My orgasms changed significantly with pregnancy. They're somewhat better now that I'm only breastfeeding, but even the hormonal changes from that have dialed down the intensity of most of my orgasms, and my libido is very, very low because my cycles are all screwed up. I know I'm probably more the exception than the rule, but physical and hormonal changes can definitely affect orgasms in all sorts of ways!
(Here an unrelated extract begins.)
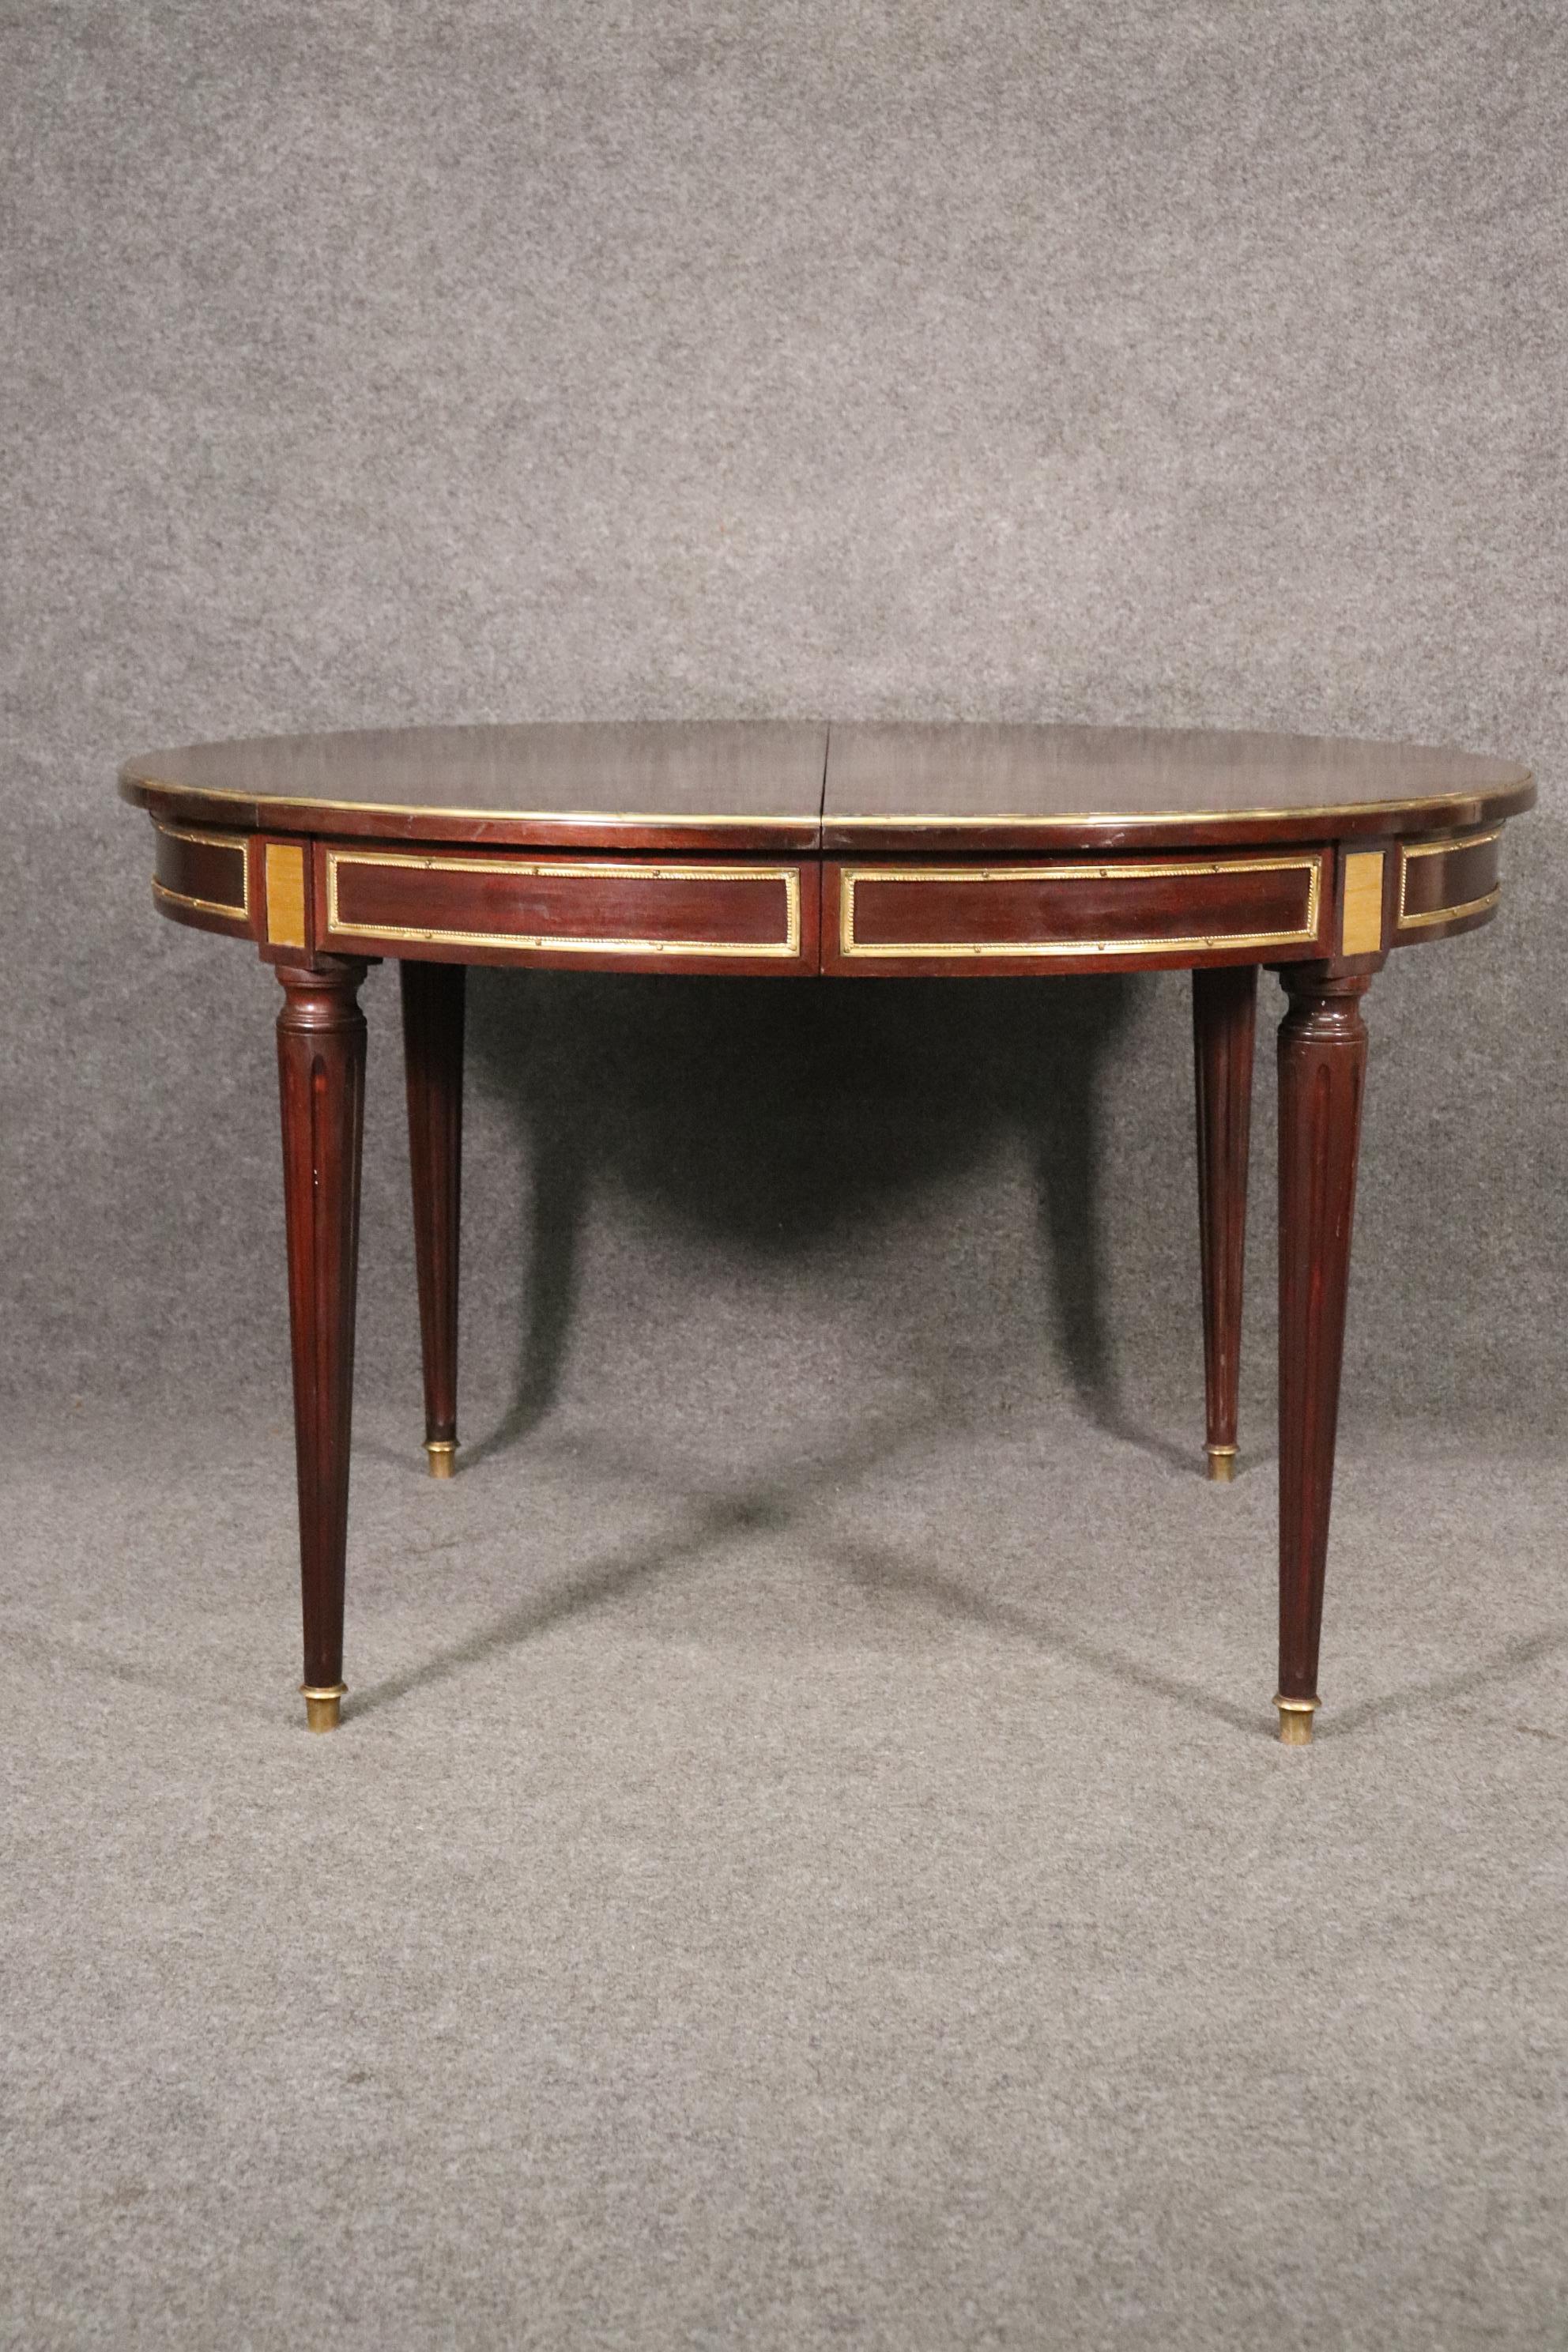 Round Signed Maison Jansen Brass Mounted Mahogany Louis XVI Dining Table w Leaf In Good Condition In Swedesboro, NJ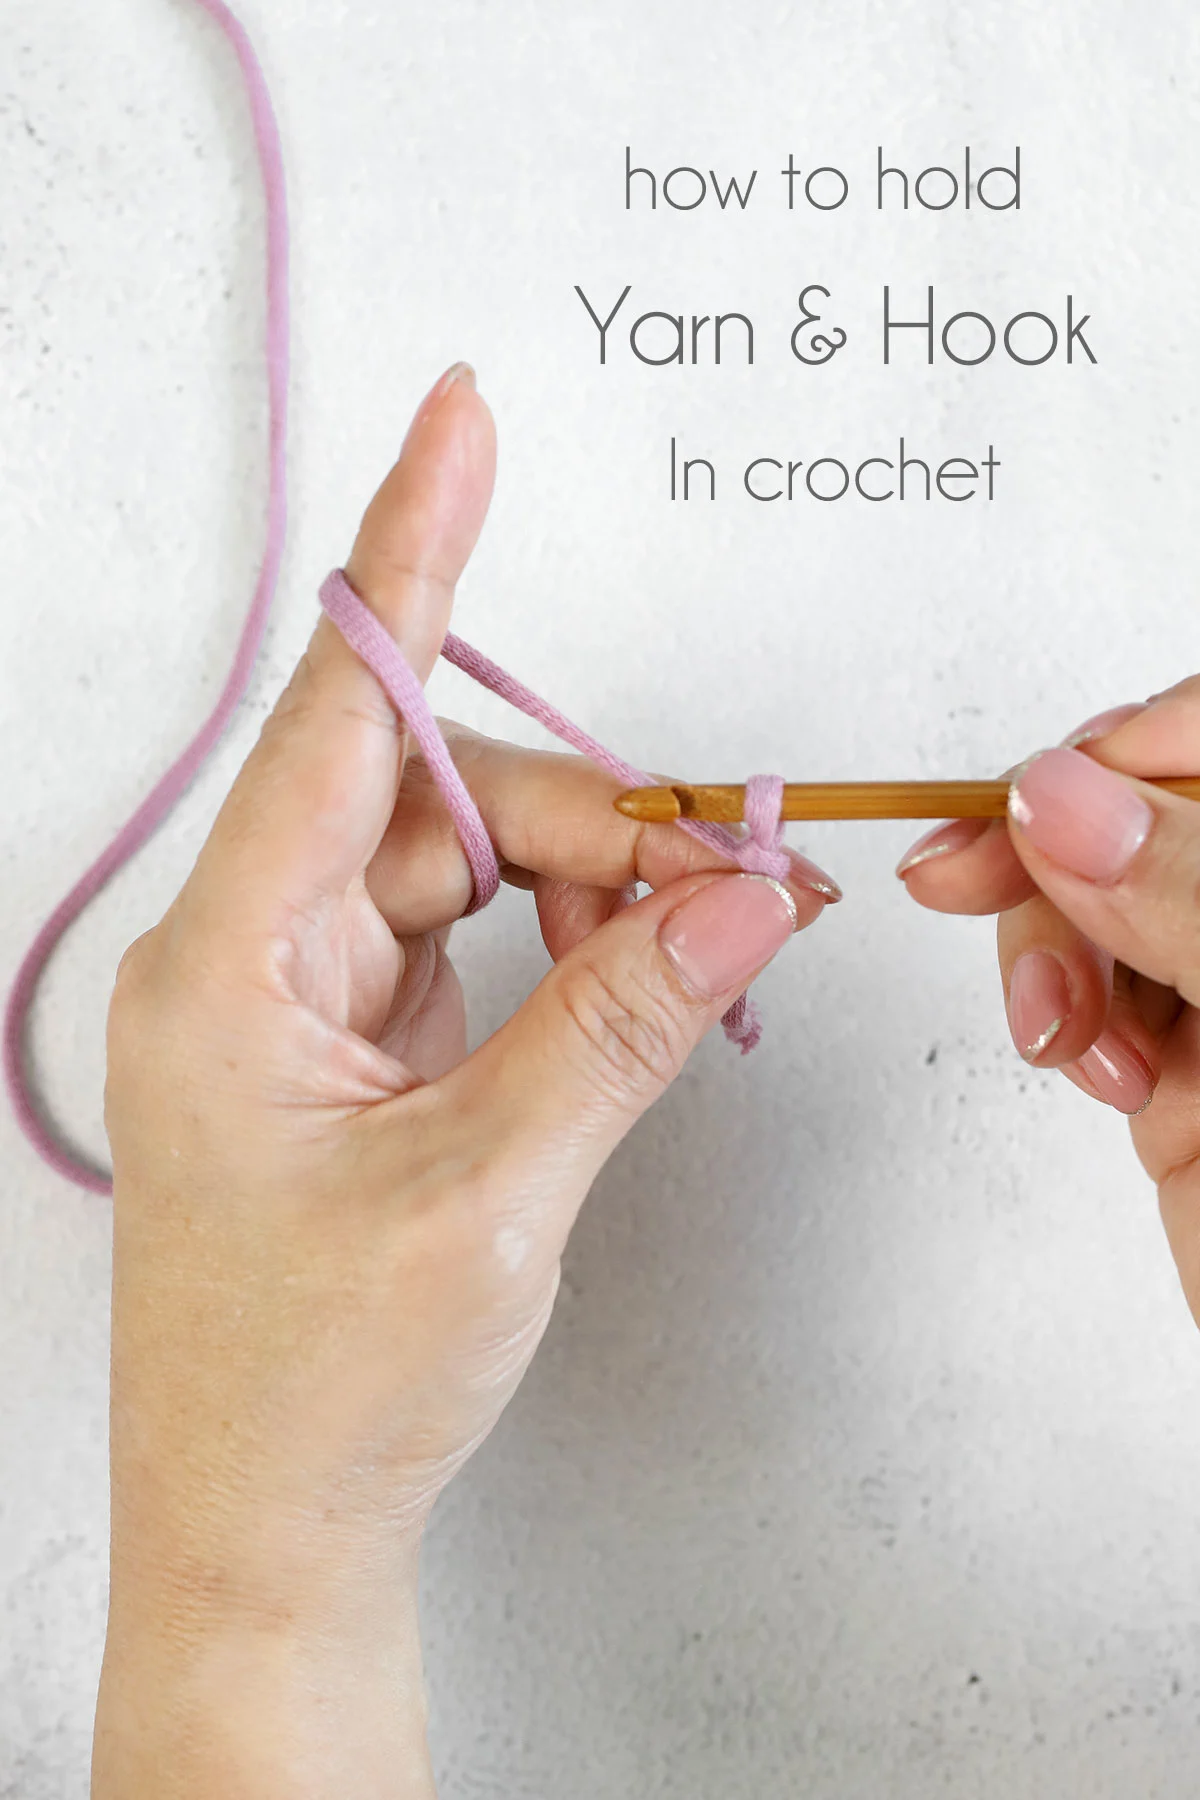 Is there some kind of finger protector for holding the yarn

And FWIW, never use what you see here regarding cock size, endurance, libido, tastes or orgasms (for men or women) as "typical" by any means. The members here are a very specific subset of the population at large and there is plenty of exaggeration, outright lying about all sorts of things and *not* speaking up. For example, if you go by the responses in the recent thread on how many women orgasm from vaginal penetration by a penis alone, you'd likely conclude that at least 80% of women come that way; the reality is the exact opposite - studies have shown that at least 75% of women DON'T come from vaginal penetration alone! Therefore, it's fair to conclude that the responses are primarily coming from women who do happen to orgasm that way AND are interested in sexuality enough to be here AND are open enough to discuss it, plus there are likely some exaggerated and false responses. When it comes to cock size, the vast majority of men fall within the average 5-6 inch range, yet an extraordinary number of men here report being well above that average! The same goes for endurance - the times you see reported here are very skewed.